Confusion about read_bytes

Note:
This topic has been translated from a Chinese forum by GPT and might contain errors.

Original topic: read_bytes 疑惑

| username: 等一分钟

【TiDB Usage Environment】Production Environment
【TiDB Version】6.1.7

The read_byte here: 7.92G, does it mean that such a large amount of data was queried from TiKV? But the memory usage doesn’t seem to be much.

| username: zhanggame1 | Original post link

There are multiple TiKVs, so the usage for each one is not much.

| username: 等一分钟 | Original post link

Actually, my psnTemp table only has 25 rows of data, and the result of the left join doesn’t have much data either. How could it be querying so much data?

| username: 等一分钟 | Original post link

The data volume is 7.92G, and the memory usage is not that large either.

| username: h5n1 | Original post link

When the ACD table was read back, 4.79 million rows of data were read.

| username: 等一分钟 | Original post link

Shouldn’t the psnTemp table join with the act table for 10,000 rows of data, and then return to the table?

| username: 等一分钟 | Original post link

Can any expert help clarify this?

| username: TiDBer_小阿飞 | Original post link

Look at the loops, the whole process looped so many times. If you calculate it using multiplication, you can roughly estimate how much was read, right? :grinning:

| username: 等一分钟 | Original post link

Isn’t the execution plan for this SQL in TiDB very poor?

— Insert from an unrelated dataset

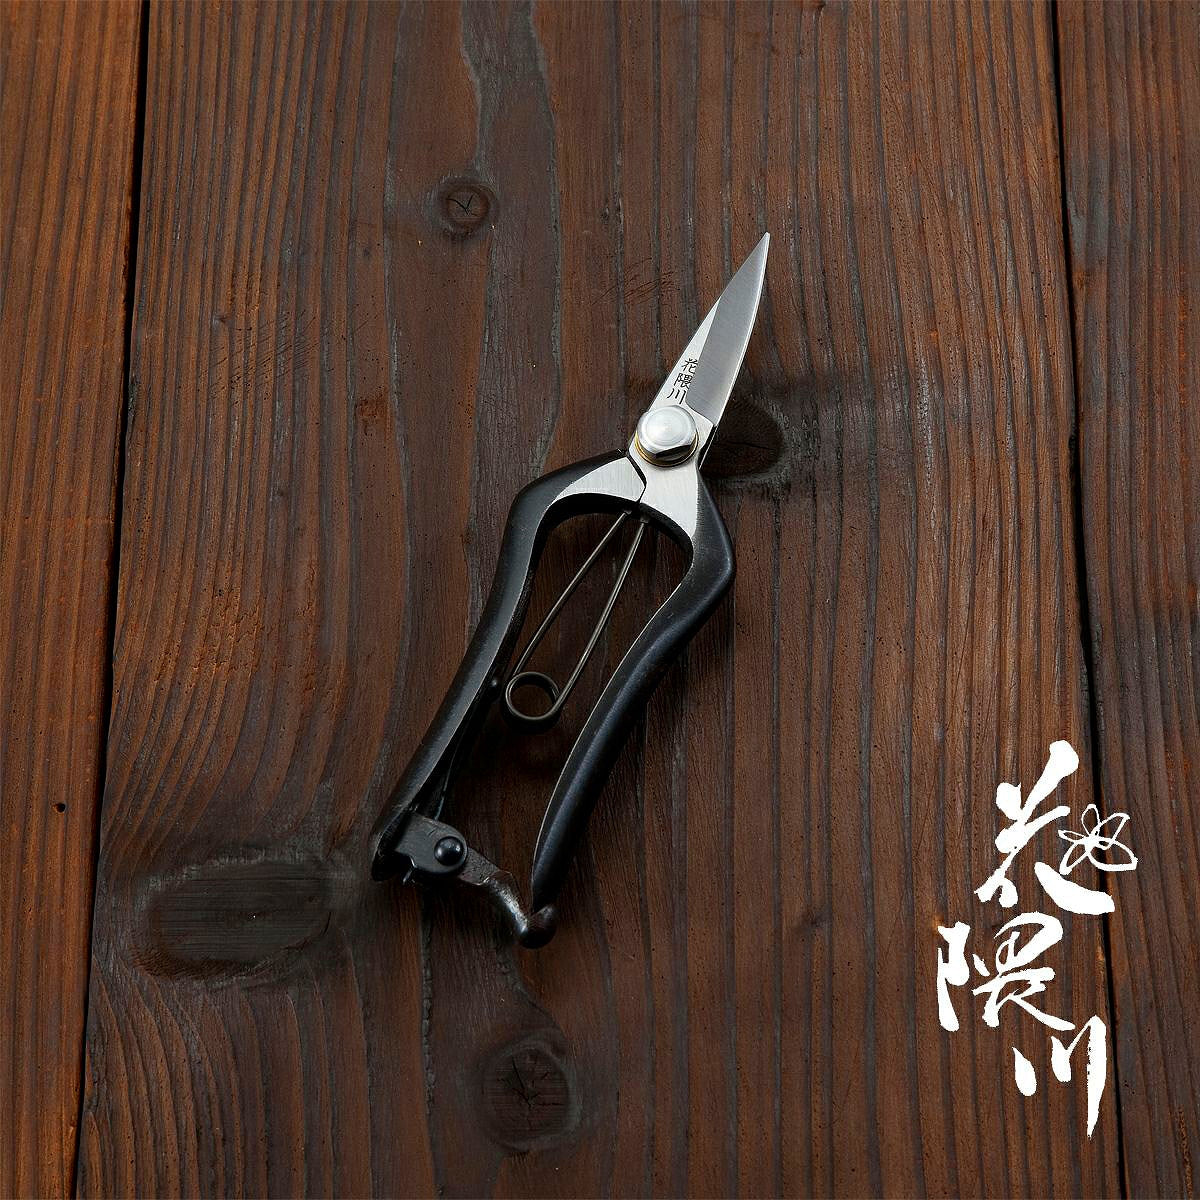 HONMAMON “HANAKUMAGAWA” Small Bud-Cutting Shears 170mm(abt 6.7") for Bonsai, Pruning, Single Bevel, Made in Japan

| username: 有猫万事足 | Original post link

Use TiFlash. If aggregation cannot be pushed down, it won’t be fast no matter what.

| username: 等一分钟 | Original post link

The execution plan or optimizer is not good enough. Originally, there were only 10,000 rows of data after joining tables, but TiDB fetched all the data from the large table into memory.

| username: 等一分钟 | Original post link

Is the second hash join executed separately here?

| username: 等一分钟 | Original post link

Is the 5.57G memory usage for just this single operation, or is it the total usage for all the actions below it?

| username: 等一分钟 | Original post link

Is this maximum memory all occupied by the tidb_server node?

| username: heiwandou | Original post link

The optimizer is not good.

| username: tidb菜鸟一只 | Original post link

I think if you recollect the statistics for this table, the execution plan will be very different.

| username: 等一分钟 | Original post link

This is a temporary table that was just generated.

| username: 等一分钟 | Original post link

Is there an expert here? :sweat_smile:

| username: tidb菜鸟一只 | Original post link

The optimizer thinks that the psntemp table is larger than the aac table, so it first performs a hash join between the aac and acd tables. Therefore, I suggest you collect the statistics of the psntemp table, or you can specify a hint to let the psntemp and acd tables join first and see if it works.

| username: 等一分钟 | Original post link

The execution plan for the updated psntemp table’s statistics is the same.

How do you specify the hint to make psntemp and acd tables join first?